前世80年代本市破獲了一起重大的拐賣人口案件,當在本地電視新聞看到主犯介紹時,她老公還相當吃驚因為這個主犯就是住在他家隔壁,而且那些沒被轉移走的被拐人口就關在跟他家一牆之隔的院子里。這個主犯從70年代初開始利用貨車司機的便利,將被拐人口賣到全國各地。
後來,有小道消息說這件案子之所以快速審理判決還是因為上面一個大人物的親人就在70年代初被這個團伙的人綁架最後賣到偏遠山區。
也許謝春杏確實得到了命運之神的眷顧,她這次幫忙解救的人中,正好就有那個人的孫子,所以上面才特別重視。而她得到的好處何止眼前的一點。

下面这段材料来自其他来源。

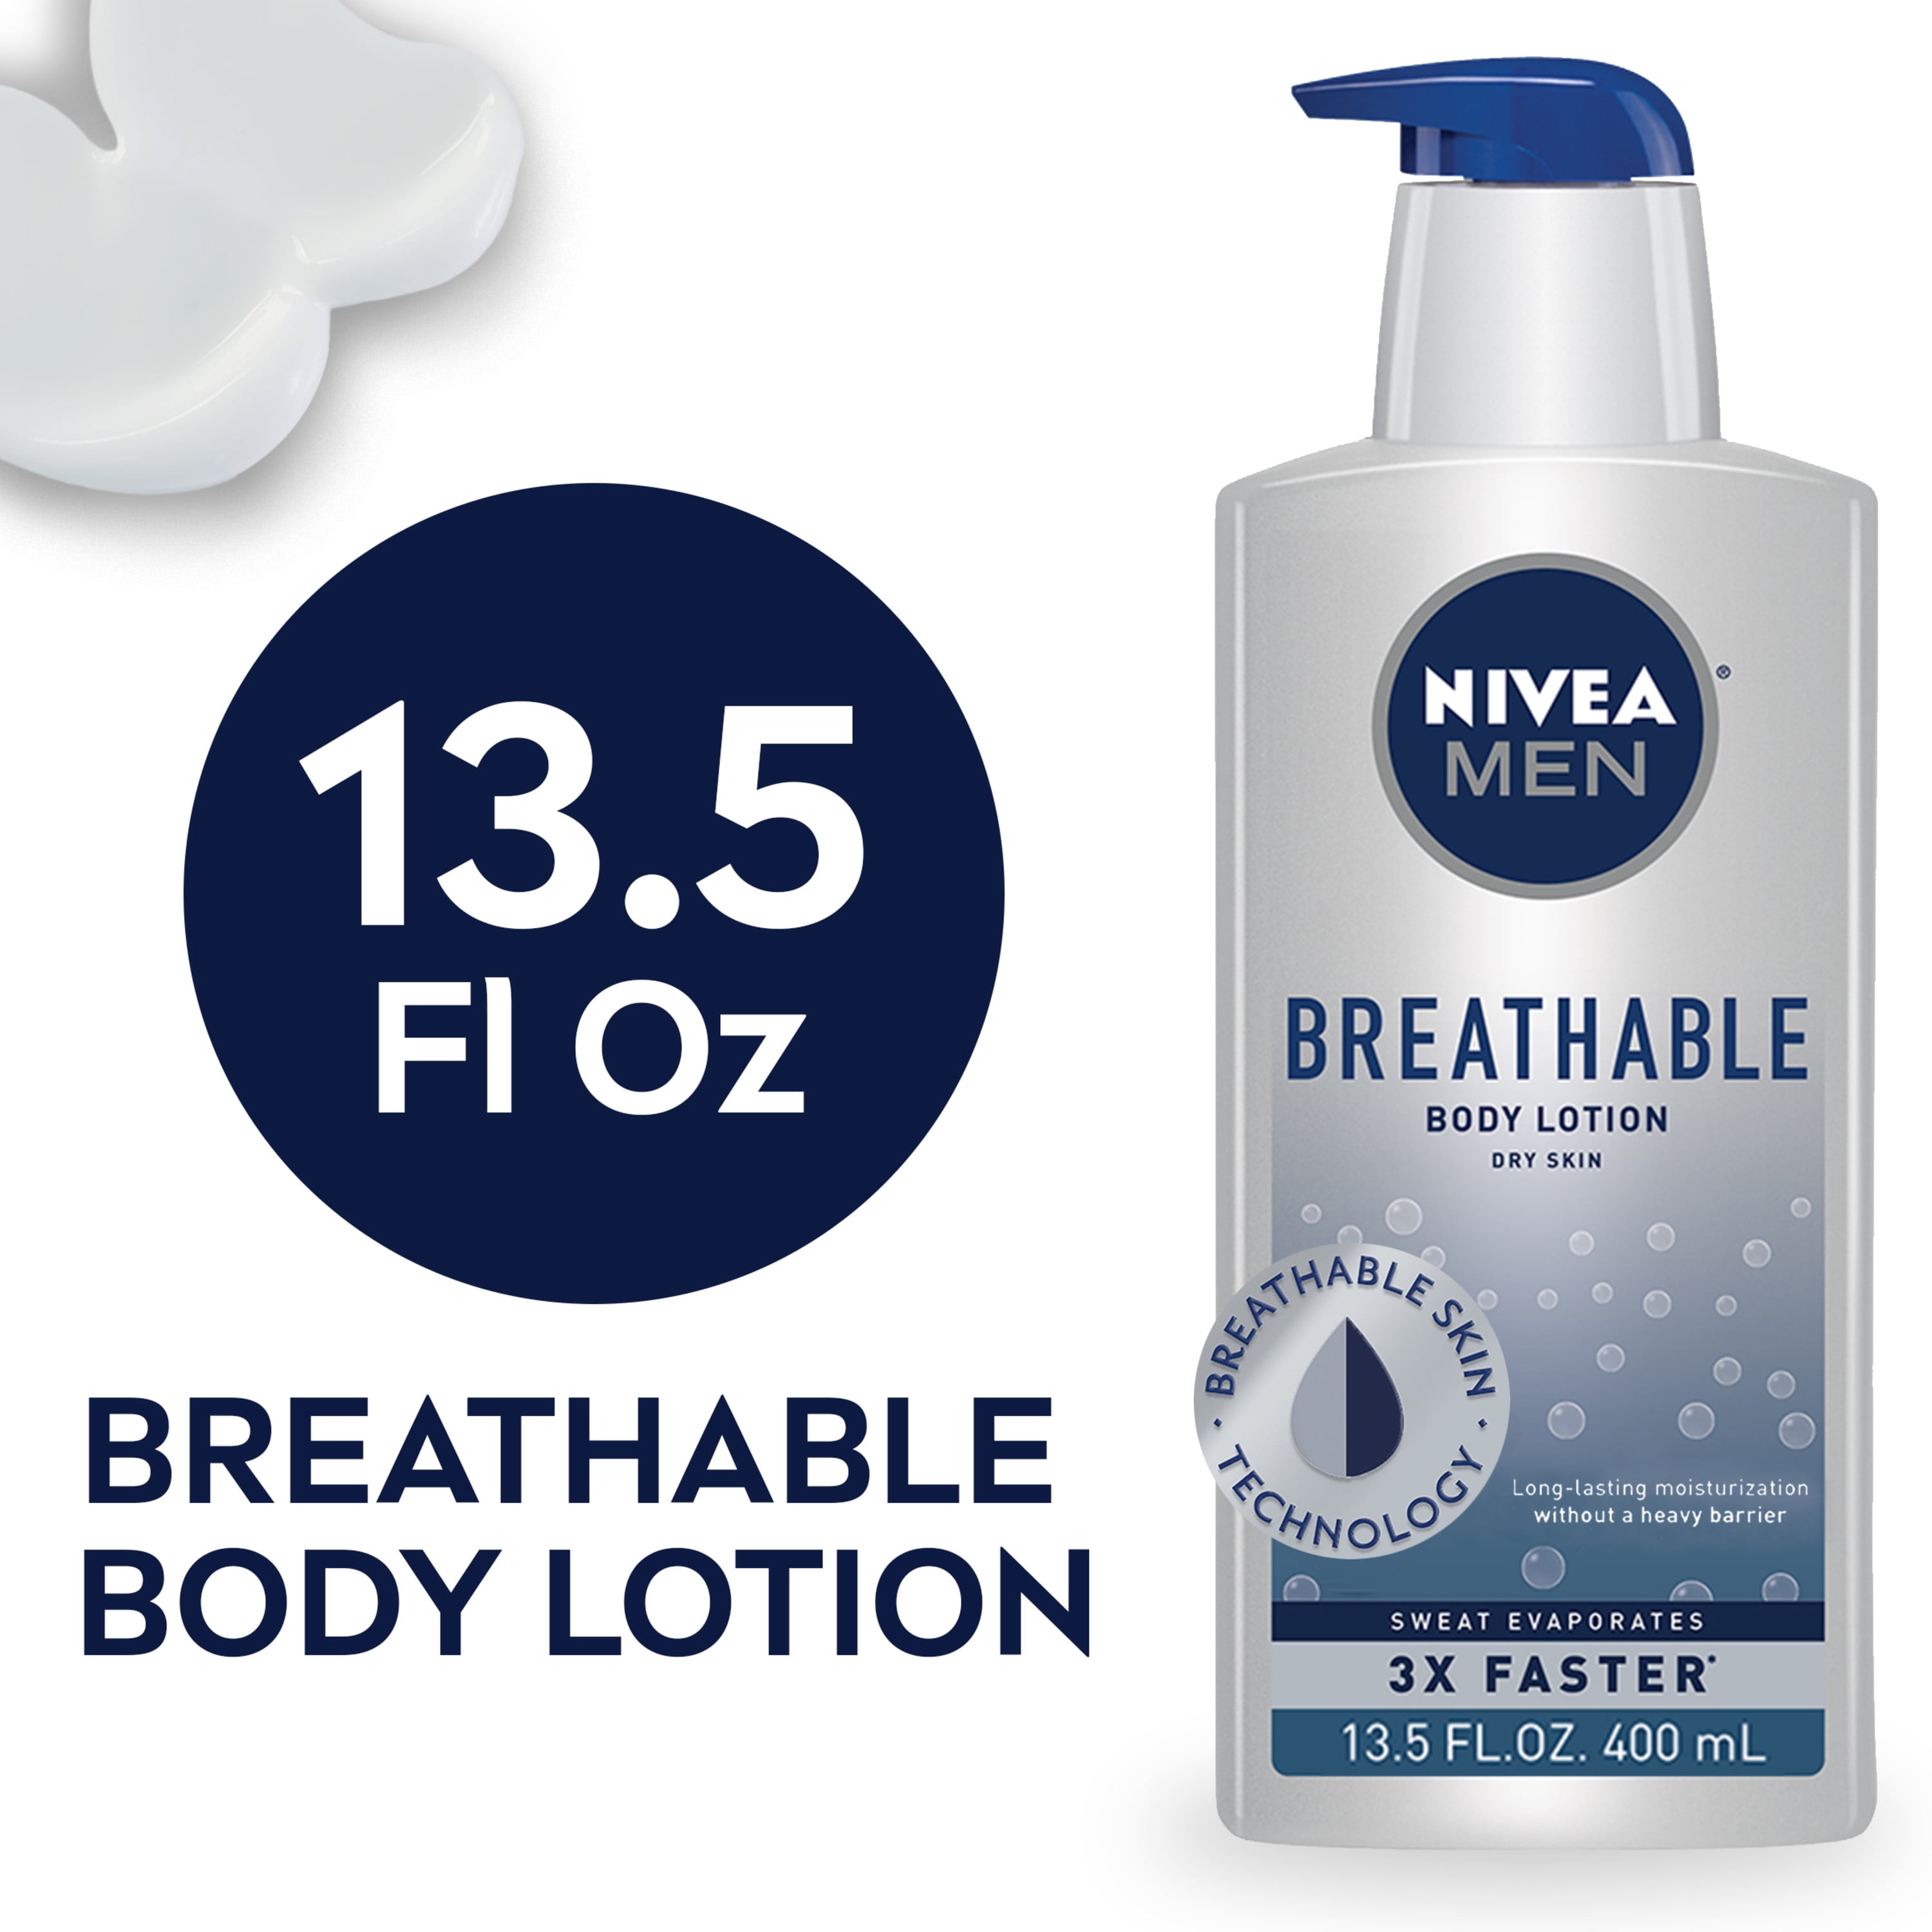 NIVEA MEN Breathable Body Lotion, 13.5 Fl Oz Bottle

宣布完,謝春杏就被這次過來的人用車拉走,聽說有位領導要接見她,後來謝韻聽村裡人說,謝春杏被車送回來時,還拉了一車的禮物。
謝韻知道后,心中道一句果然如此。
還是那句話,謝春杏仗著重生的便利只要不找她麻煩,就是把天給翻過來都跟她一毛錢關係也沒有。
元宵節晚上吃完了晚飯,沒有燈會,也沒有晚會。顧錚花了兩天時間在謝韻的院子里給她做了兩個冰燈,謝韻今年虛歲十六屬雞,顧錚有了趁手的工具,給她雕了只大公雞,瞅著昂著小胸脯跟雞腦袋的冰雕雞,謝韻越看越覺得那神態跟自己怎麼有點像?顧錚覺得一隻雞有點少還雕了個大黑放旁邊,跟謝韻要來蠟燭點上,蹲在地上把蠟燭輕輕放在特意留出來的凹槽上,謝韻站在旁邊里靜靜地看著。
人都有脆弱的時候,尤其節日的時刻。謝韻此刻就特別想念親人,想念因為對自己的期望很高總是對自己很嚴厲其實內心很疼很疼她的父親,想念溫柔如水會做各種好吃點心的母親和總是偷偷給自己錢花的爺爺,可能這輩子都再也見不到他們了。其實謝韻曾經偷偷地在縣城的郵局給前世爺爺的老家寄過信,卻因為查無此人而被打了回來,收到退信謝韻躲到空間哭了好久。但是,她還有些不死心,想將來能出去要去當地親自走一趟。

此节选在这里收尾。